Goal of the exercise –
What do the lines say from the start of the entries through the one containing "Hund kommt aus dem Wasser"? Repeat them exactly.

Input records –
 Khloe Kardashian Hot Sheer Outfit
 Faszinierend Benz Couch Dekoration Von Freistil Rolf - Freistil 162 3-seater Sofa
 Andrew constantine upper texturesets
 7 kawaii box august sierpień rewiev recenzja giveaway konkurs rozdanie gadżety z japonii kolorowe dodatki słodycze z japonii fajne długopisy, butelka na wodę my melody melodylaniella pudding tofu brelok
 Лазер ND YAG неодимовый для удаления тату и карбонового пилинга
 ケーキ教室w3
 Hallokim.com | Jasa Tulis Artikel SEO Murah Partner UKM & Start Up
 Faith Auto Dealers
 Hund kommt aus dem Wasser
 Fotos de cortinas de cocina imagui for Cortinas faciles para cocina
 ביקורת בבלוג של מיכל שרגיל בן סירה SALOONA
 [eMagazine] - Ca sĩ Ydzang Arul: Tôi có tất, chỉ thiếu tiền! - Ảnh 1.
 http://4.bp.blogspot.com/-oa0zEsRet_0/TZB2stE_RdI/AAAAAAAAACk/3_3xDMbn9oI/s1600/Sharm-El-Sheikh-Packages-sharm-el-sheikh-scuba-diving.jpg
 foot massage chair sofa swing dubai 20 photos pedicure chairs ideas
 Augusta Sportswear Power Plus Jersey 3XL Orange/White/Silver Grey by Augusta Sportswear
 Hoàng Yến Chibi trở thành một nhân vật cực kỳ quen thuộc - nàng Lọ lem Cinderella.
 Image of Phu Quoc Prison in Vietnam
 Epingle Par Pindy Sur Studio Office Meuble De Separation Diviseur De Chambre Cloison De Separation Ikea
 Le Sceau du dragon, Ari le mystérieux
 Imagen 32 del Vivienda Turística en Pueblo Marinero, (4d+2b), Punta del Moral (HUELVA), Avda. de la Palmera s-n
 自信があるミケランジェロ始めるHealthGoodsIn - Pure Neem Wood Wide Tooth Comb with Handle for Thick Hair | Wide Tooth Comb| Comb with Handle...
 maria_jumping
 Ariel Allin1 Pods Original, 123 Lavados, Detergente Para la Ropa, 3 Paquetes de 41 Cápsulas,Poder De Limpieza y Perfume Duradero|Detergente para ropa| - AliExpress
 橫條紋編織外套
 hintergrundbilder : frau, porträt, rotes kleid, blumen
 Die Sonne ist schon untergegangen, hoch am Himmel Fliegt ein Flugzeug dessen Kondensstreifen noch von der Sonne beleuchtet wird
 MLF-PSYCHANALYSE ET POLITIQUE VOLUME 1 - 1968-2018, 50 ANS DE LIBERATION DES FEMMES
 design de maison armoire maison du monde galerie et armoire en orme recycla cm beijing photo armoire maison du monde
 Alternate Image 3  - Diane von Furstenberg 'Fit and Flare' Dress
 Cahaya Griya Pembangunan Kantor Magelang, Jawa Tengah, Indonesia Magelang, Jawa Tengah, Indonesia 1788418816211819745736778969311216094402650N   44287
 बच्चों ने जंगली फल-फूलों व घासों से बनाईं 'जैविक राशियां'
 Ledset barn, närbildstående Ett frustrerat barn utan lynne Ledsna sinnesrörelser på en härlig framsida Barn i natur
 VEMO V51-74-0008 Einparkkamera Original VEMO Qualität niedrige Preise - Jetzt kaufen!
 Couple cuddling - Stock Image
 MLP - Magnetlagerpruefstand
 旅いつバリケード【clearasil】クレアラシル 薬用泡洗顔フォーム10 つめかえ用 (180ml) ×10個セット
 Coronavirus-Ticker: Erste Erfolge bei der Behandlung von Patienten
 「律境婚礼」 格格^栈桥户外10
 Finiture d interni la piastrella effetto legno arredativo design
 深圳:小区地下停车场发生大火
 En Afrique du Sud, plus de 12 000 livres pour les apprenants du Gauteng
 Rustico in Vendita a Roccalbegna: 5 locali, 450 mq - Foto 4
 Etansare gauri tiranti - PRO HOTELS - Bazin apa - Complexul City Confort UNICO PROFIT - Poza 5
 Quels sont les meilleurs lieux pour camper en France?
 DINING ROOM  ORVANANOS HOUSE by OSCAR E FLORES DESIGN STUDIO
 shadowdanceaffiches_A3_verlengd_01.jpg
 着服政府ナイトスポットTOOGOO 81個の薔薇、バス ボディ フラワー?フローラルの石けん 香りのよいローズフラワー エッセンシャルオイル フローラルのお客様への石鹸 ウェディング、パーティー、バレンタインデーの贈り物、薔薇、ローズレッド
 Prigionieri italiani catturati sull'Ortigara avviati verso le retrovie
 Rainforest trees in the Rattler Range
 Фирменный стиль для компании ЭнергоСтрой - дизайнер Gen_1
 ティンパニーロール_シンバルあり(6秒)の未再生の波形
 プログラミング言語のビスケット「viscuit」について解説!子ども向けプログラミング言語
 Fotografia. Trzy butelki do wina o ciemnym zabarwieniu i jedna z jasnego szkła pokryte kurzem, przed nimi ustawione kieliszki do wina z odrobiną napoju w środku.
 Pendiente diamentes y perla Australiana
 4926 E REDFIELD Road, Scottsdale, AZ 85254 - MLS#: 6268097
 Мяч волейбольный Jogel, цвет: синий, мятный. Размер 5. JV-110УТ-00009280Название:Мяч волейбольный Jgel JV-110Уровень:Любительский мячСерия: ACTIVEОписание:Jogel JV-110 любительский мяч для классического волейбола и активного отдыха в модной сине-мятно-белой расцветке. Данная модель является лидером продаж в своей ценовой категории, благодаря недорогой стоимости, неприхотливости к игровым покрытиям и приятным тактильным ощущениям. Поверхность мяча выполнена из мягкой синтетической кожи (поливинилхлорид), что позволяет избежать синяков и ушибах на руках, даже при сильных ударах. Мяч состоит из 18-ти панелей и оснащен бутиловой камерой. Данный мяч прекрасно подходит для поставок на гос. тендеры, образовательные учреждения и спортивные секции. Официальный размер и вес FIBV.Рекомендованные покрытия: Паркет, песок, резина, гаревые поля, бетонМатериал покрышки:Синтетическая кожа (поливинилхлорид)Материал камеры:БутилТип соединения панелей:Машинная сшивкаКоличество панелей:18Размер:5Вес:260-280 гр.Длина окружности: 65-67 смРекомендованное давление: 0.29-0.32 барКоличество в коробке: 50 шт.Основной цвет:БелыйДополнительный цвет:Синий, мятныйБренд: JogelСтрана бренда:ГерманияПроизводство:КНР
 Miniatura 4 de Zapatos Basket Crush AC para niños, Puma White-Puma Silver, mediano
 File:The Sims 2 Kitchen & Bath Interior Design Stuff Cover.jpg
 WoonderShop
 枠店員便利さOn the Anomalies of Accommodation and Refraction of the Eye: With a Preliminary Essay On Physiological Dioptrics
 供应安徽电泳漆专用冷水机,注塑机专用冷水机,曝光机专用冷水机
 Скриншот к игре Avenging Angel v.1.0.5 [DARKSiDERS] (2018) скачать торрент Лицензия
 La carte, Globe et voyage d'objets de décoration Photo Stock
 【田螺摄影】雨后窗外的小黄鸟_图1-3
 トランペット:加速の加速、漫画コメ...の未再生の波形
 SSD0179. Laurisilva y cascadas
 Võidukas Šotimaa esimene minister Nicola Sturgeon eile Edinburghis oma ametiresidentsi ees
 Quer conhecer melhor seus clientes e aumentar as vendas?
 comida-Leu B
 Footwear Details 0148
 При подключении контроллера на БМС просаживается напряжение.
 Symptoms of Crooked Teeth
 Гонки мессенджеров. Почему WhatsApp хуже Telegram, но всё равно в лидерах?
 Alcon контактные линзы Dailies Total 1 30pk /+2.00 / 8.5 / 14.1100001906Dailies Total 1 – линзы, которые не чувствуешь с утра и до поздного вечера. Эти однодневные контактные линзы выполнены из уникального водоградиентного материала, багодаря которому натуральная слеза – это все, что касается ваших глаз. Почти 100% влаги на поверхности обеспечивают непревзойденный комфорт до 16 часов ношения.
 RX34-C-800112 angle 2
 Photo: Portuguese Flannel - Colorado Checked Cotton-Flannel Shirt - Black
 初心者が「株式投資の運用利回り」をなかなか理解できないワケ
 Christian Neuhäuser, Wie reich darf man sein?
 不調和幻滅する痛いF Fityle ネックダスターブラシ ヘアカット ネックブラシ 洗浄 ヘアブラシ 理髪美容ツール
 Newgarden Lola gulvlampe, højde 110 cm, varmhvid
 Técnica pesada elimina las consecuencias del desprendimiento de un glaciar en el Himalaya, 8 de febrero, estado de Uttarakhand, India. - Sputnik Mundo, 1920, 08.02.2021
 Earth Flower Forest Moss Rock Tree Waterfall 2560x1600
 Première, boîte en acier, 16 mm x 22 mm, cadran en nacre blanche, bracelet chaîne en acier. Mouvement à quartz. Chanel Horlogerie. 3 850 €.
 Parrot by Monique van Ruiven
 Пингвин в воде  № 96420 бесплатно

Answer for the task –
 Khloe Kardashian Hot Sheer Outfit
 Faszinierend Benz Couch Dekoration Von Freistil Rolf - Freistil 162 3-seater Sofa
 Andrew constantine upper texturesets
 7 kawaii box august sierpień rewiev recenzja giveaway konkurs rozdanie gadżety z japonii kolorowe dodatki słodycze z japonii fajne długopisy, butelka na wodę my melody melodylaniella pudding tofu brelok
 Лазер ND YAG неодимовый для удаления тату и карбонового пилинга
 ケーキ教室w3
 Hallokim.com | Jasa Tulis Artikel SEO Murah Partner UKM & Start Up
 Faith Auto Dealers
 Hund kommt aus dem Wasser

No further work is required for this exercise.